5 Feb 2014

$60m international school for Dunedin

9:04 pm on 5 February 2014

Chinese and other investors are planning to build a $60 million international school in Dunedin.

The details were confirmed during meetings between the as-yet-unnamed investors and city leaders on Tuesday.

The deal for the school, said to be of a kind not known in New Zealand, has been brokered by the Otago Chamber of Commerce.

Chief executive John Christie says the investors have chosen Dunedin as their preferred location and are searching for a suitable site on which to build within three years.

Mr Christie says the school is aimed at Chinese and other international pupils.

"We don't have anything like this and that's where it becomes particularly exciting because I think there is an opportunity for a new model to be established here and we're particularly interested in how Dunedin can be involved in that given our strength in the education sector."

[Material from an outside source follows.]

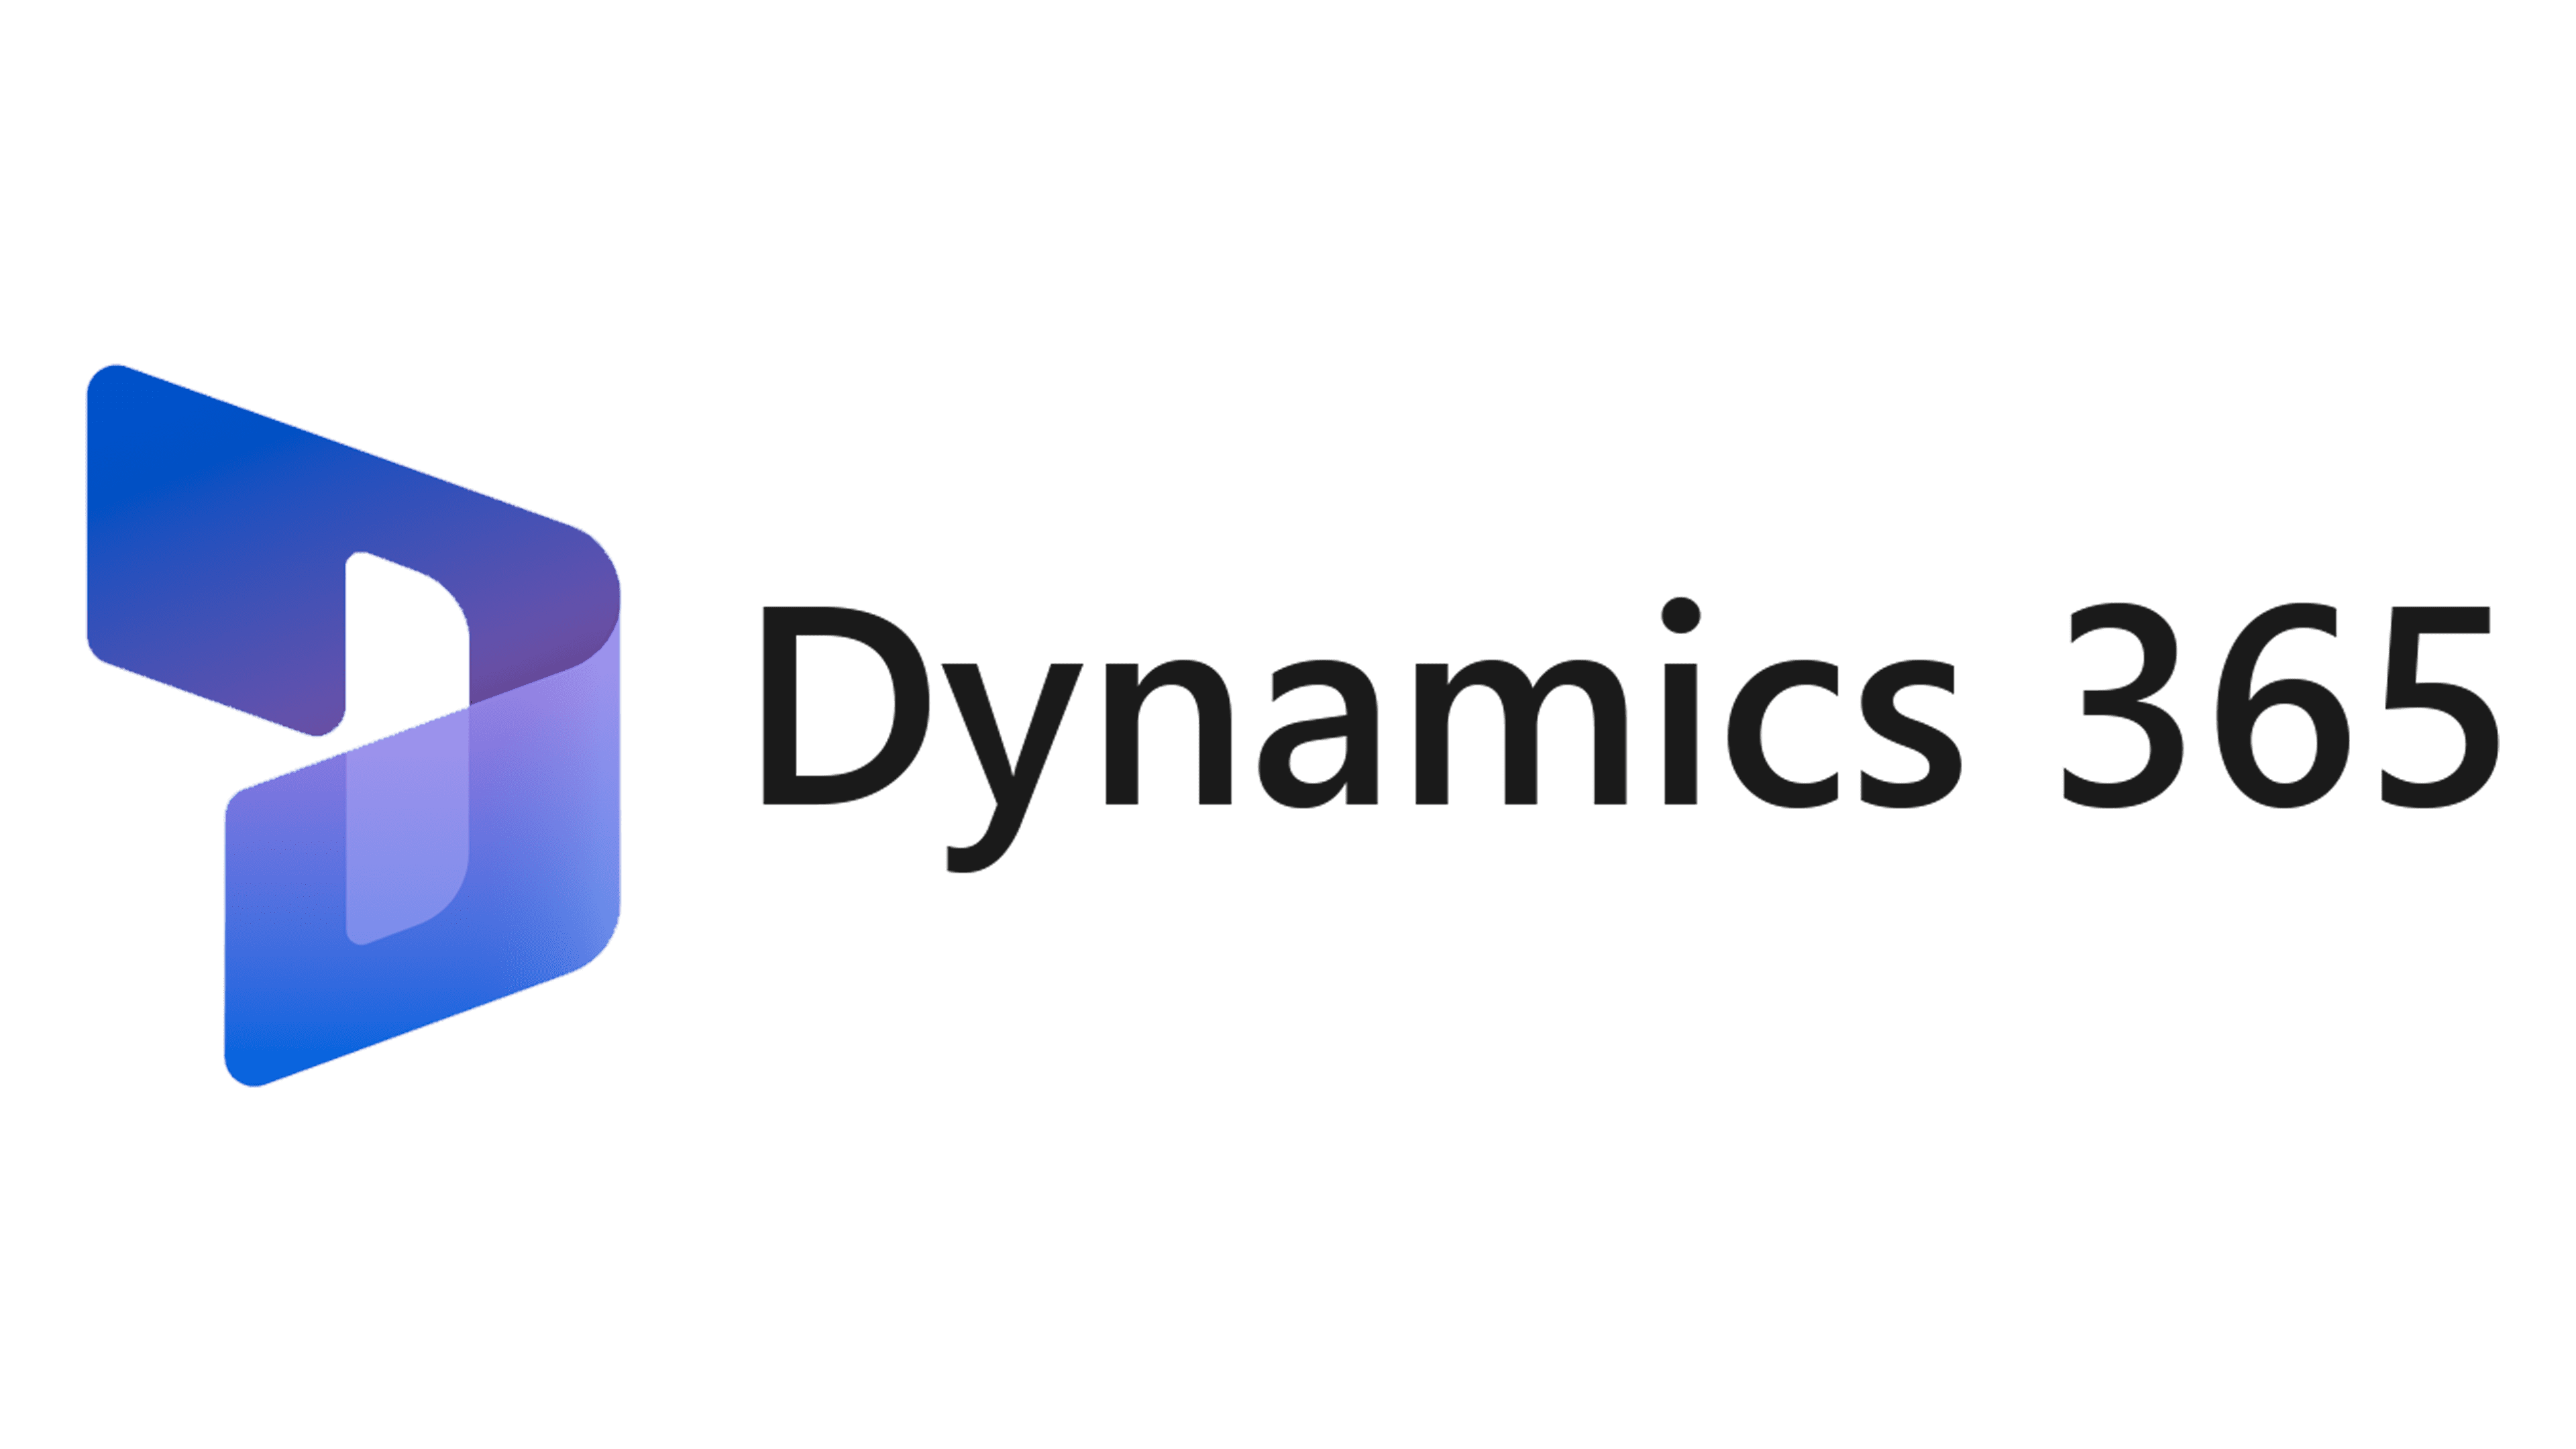 MS Dynamics 365

Mr Christie says he cannot spell out all the details but the school would bring hundreds of students and tens of millions of dollars into the South Island city.

Mayor Dave Cull says the plan is fantastic news for Dunedin as fits very well with the city's education strengths and direction and is another major fruit of its 20-year-old sister city relationship with Shanghai.

The chairman of the Dunedin Shanghai Sister City Association, Malcolm Wong, says the Chinese have sent their children around the world for education for generations.

Mr Wong says a high-end international school would further build the Dunedin's reputation as an education centre to the world.

The Dunedin Secondary Schools partnership says it welcomes the plan as long as it attracts a different set of international students who would not have already come to the city.